学习了Vue之后，我发现对字符串的处理对于编写一个程序框架来说是非常重要的，就拿Vue来说，我们使用该框架时可以通过如v-on:, v-model等html的属性时，我们能够在里面嵌入js代码，其实这块就已经使用了编译原理的知识来对输入的字符串进行解析，然后将它们嵌入到js代码中去，这也是我们在Vue中可以如此轻松地进行双向绑定，使用v-for进行列表渲染等等的技术基础。此外在做ccf csp的题目时，我也往往被一些字符串处理的题目给卡住，有时候虽然可以做出来，但有种只见树木不见森林之感。所以我希望可以快点先学习到一些编译原理的知识（而且自学往往比上课学习的效率和积极性高得多），为后面的学习打个基础。

至于为什么学习编译原理先学习编写解释器呢？之前我是直接啃“龙书”（《compiler》）来着，可是里面真的许多东西比较晦涩难懂，之后我先去逛下知乎看看大神们是怎么学习编译原理的，看到有位大佬说可以多抄几遍这个解释器项目，很多东西自然就理解了：学习编译原理有什么好的书籍? - 时雨的回答 - 知乎。
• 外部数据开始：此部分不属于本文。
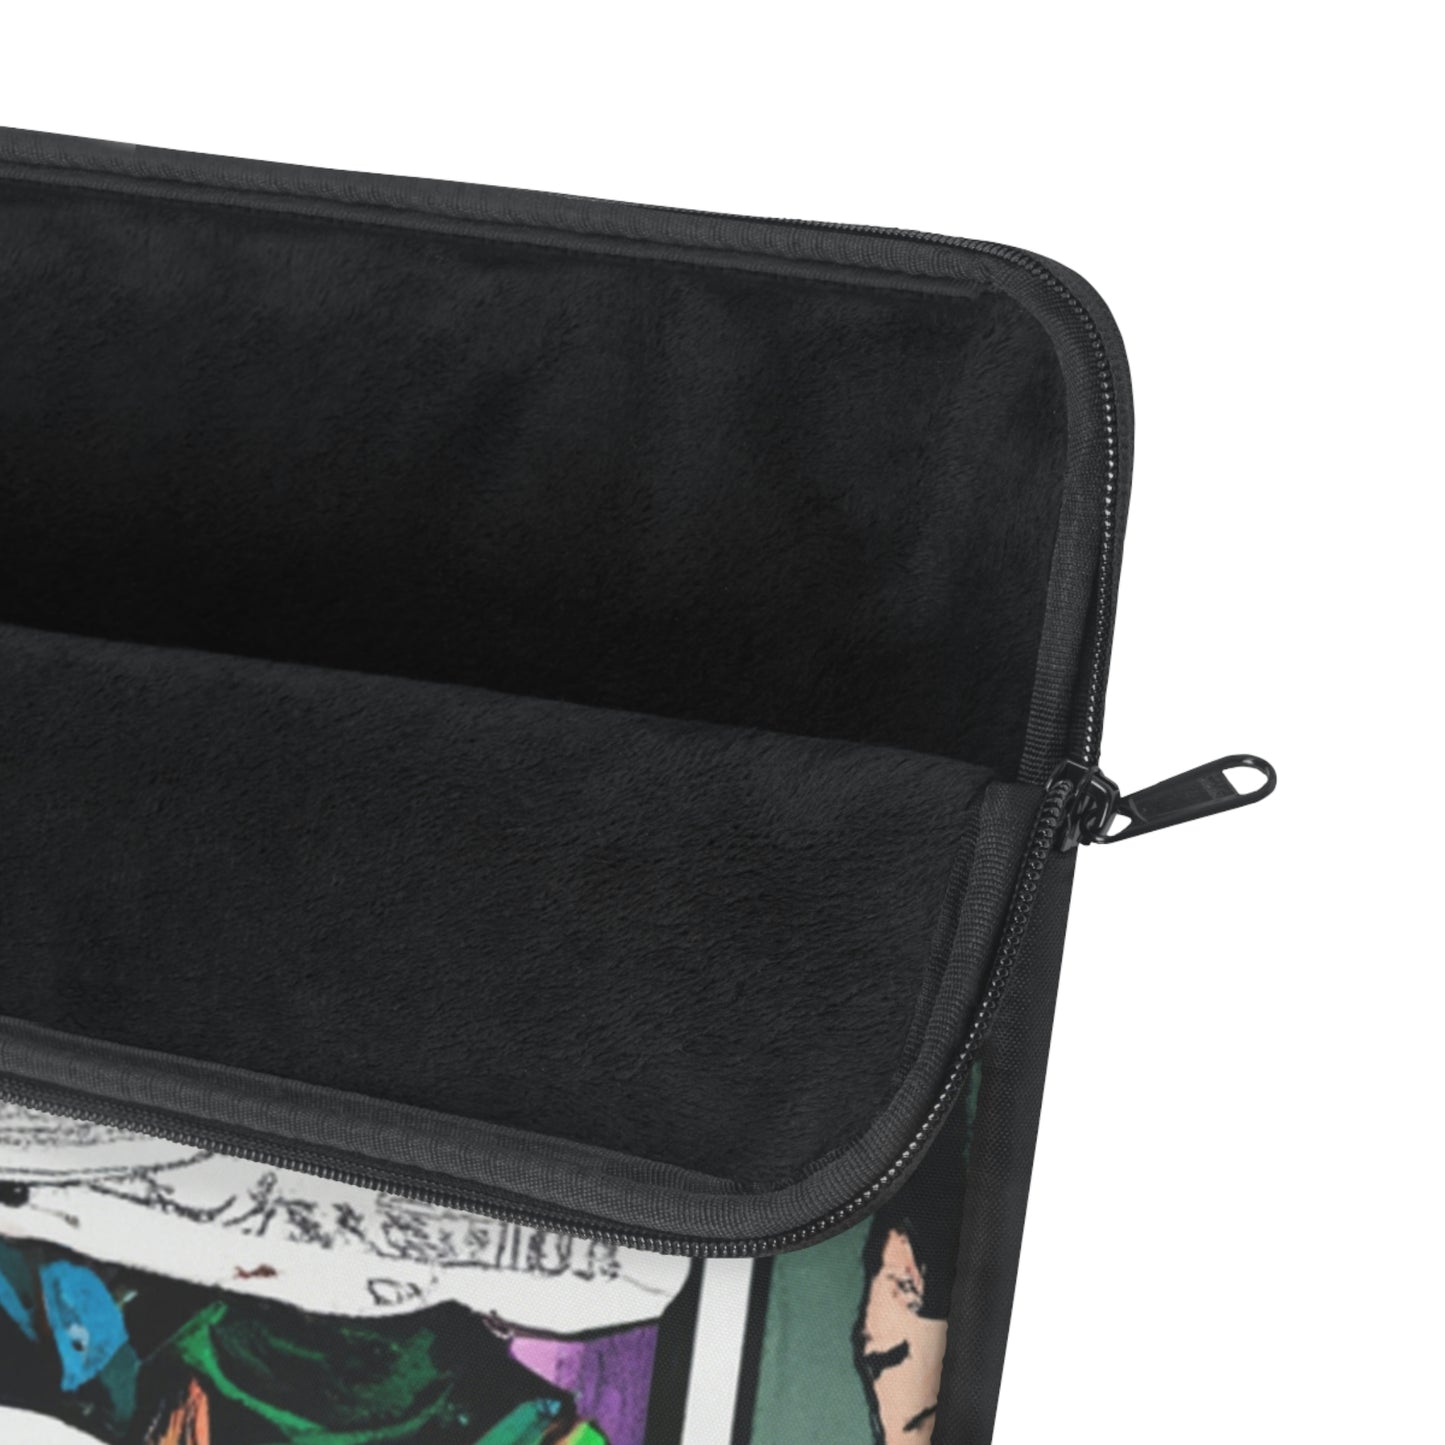 Babs Bopster - Comic Book Collector Laptop Computer Sleeve Storage Case Bag

然后我就点进去那个GitHub项目的链接，发现居然star数高达1.3k：
在这里插入图片描述
于是我决定先通过它来进行学习了。

二、part1

（补上gitee项目地址，欢迎clone项目：https://gitee.com/warrior__night/learn-writing-interpreter）

资料链接：https://ruslanspivak.com/lsbasi-part1/

part1的任务比较简单，它需要输入一个带有两个操作数的字符串，且只支持“+”号，如输入“1+2”，它会输出“3”。

项目的源码是使用python编写的，而我为了印象深刻些（也防止自己不加思考嗯抄），就使用java进行重新编写了。

编写了这样几个类，由于java是半静态语言，故各个Token都使用类来进行封装了（如TK_Interger，即为整形数字，继承自Token类，其他的类似），使用起来比较方便一些。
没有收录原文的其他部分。